ということで、ドタバタとしていたあの頃。

 あれから5年。

 当時の落ち着かない不安な日々を静かに振り返ることができる今のありがたさ。

 日本は、いろいろあっても、ちゃんと存続している。

 私も、問題をいっぱい抱えながらも、なんとか生きている。

 不安な未来を想像しながら災害用備蓄に励むのも大事だけど、「今」「ここ」に生きていることを楽しもう、味わおうと思えるようになった。

 当時は何でもストックしておかないと!という不安で、シャンプー買うにしろ何個も買い込んでいた。トイレットペーパーも1年分は買い込んでいた。下着も何年分もストックした。まだ、あるよ、あのときに買い込んだ下着。

 インターネットに流れる「次は、何年何月に、どこそこで大地震が起きる!!」情報に踊らされて、この日は外出しないでおこう、もっと水の補充をしておこうと動いた。

 福山と名古屋の移動のときは、新幹線に閉じ込められる事態に備えて、リュックには必ず水と食料を入れた。

 今は、シャンプーがなくなれば「湯シャン」でいいと思えるようになった。風にサラサラなびく髪などなくても困らないと思うようになった。誰がババアの髪なんか気にするんだ。

 物などないならないで、なんとでもなる、と思うようになった。

 数日間ぐらい食わなくても死にはしないし、かえって健康にいいと思えるようになった。

 いろいろ怖がってもしかたない、想定しておくことは重要だけれども、何にしても迎え撃つ勇気だけあればいいと思うようになった。

 「今」「ここ」でやるべきことに集中して。無駄に心配することはないと思うようになった。

 いつ死ぬかわからないからこそ、「今」「ここ」を大事にするんだと思うようになった。

 死んだら死んだでいいじゃないか、大地震で瓦礫に埋もれて死体がバラバラになっても、津波で死んで海の向こうに引きずりこまれても、身元不明でも、死んだことすら不明でも、葬式の手間も死体を焼く手間も省けていいわ、と思うようになった。

 さてさて、これから私は福山での最後の1年を迎える。

 この最後の1年は、ゼミ生の卒論指導をきちんとしながら、福山の自宅と研究室の断捨離作業を粛々とする。同時に名古屋の自宅の断捨離もする。

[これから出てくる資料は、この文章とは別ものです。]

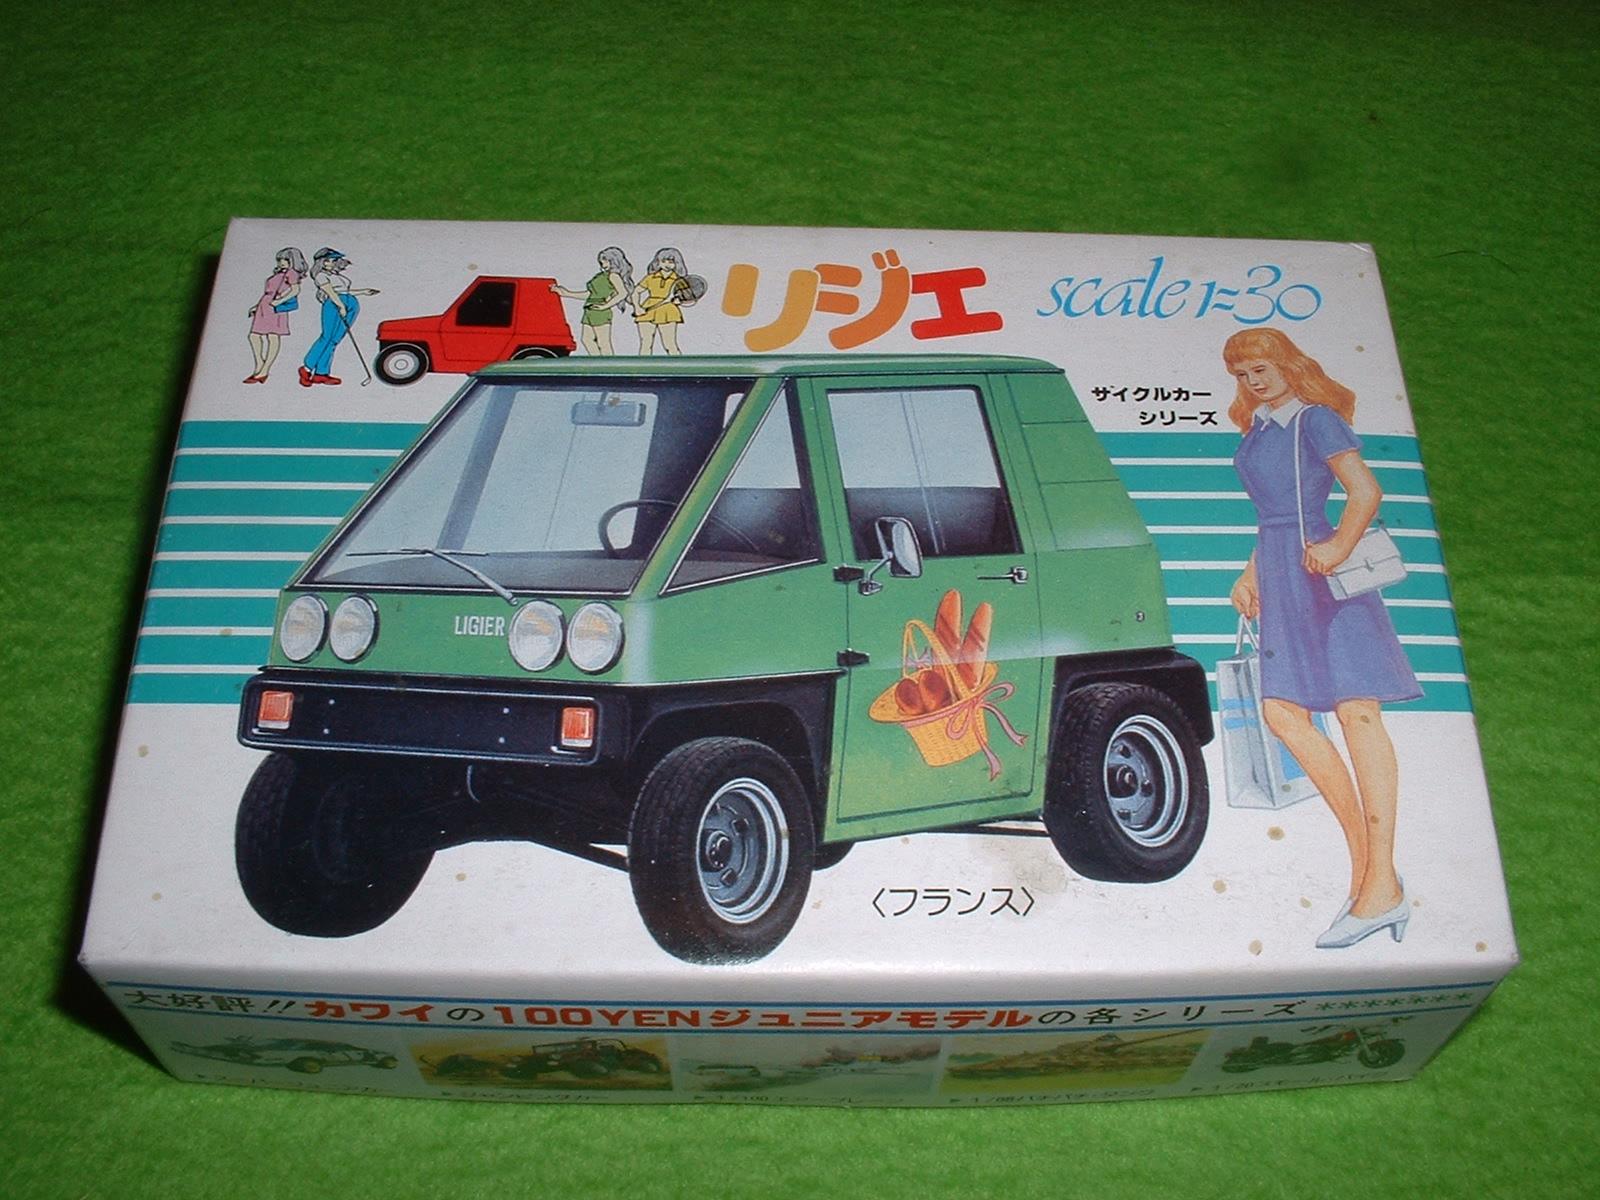 河合商会 30分の1 No.1 「サイクルカー リジェ」 外箱 Doburoku-TAO.JPG

 1996年に大阪の桃山学院大学に移って以来20年間にわたる二重生活、単身赴任生活を終わらせる作業をする。

 いっぱい捨てる。いっぱい処分する。これだけは残していこう、これだけは手元に置いておこうと思えるものを選択する。

 あの2011311日が日本に与えた影響というのは、これからより明確にされていくのだろう。5年間ぐらいでは測定できないような変化を東日本大震災と原発事故は日本に与えた。

 クルクルパーでのん気に非現実的に徹底的にいぎたなく世俗的に生きてきた日本人の多くが、自分たちの寄って立つ場所の不安定さや儚さを意識するようになった。

 少なくとも、私にとっては、あの日からの日々は、「死」を意識する日々となった。物事を見る視線が違ってきた。

 正気」になったと言うべきか。

 しかし、実のない労働の中で、その「正気」も濁り曖昧になりがちだった。

 これからは、「正気」を保持する。

 「今」と「ここ」を見つめつつ、「今」と「ここ」を愛しつつ、「正気」を生きていく。

私にあるのは、「今」と「ここ」だけなんだから。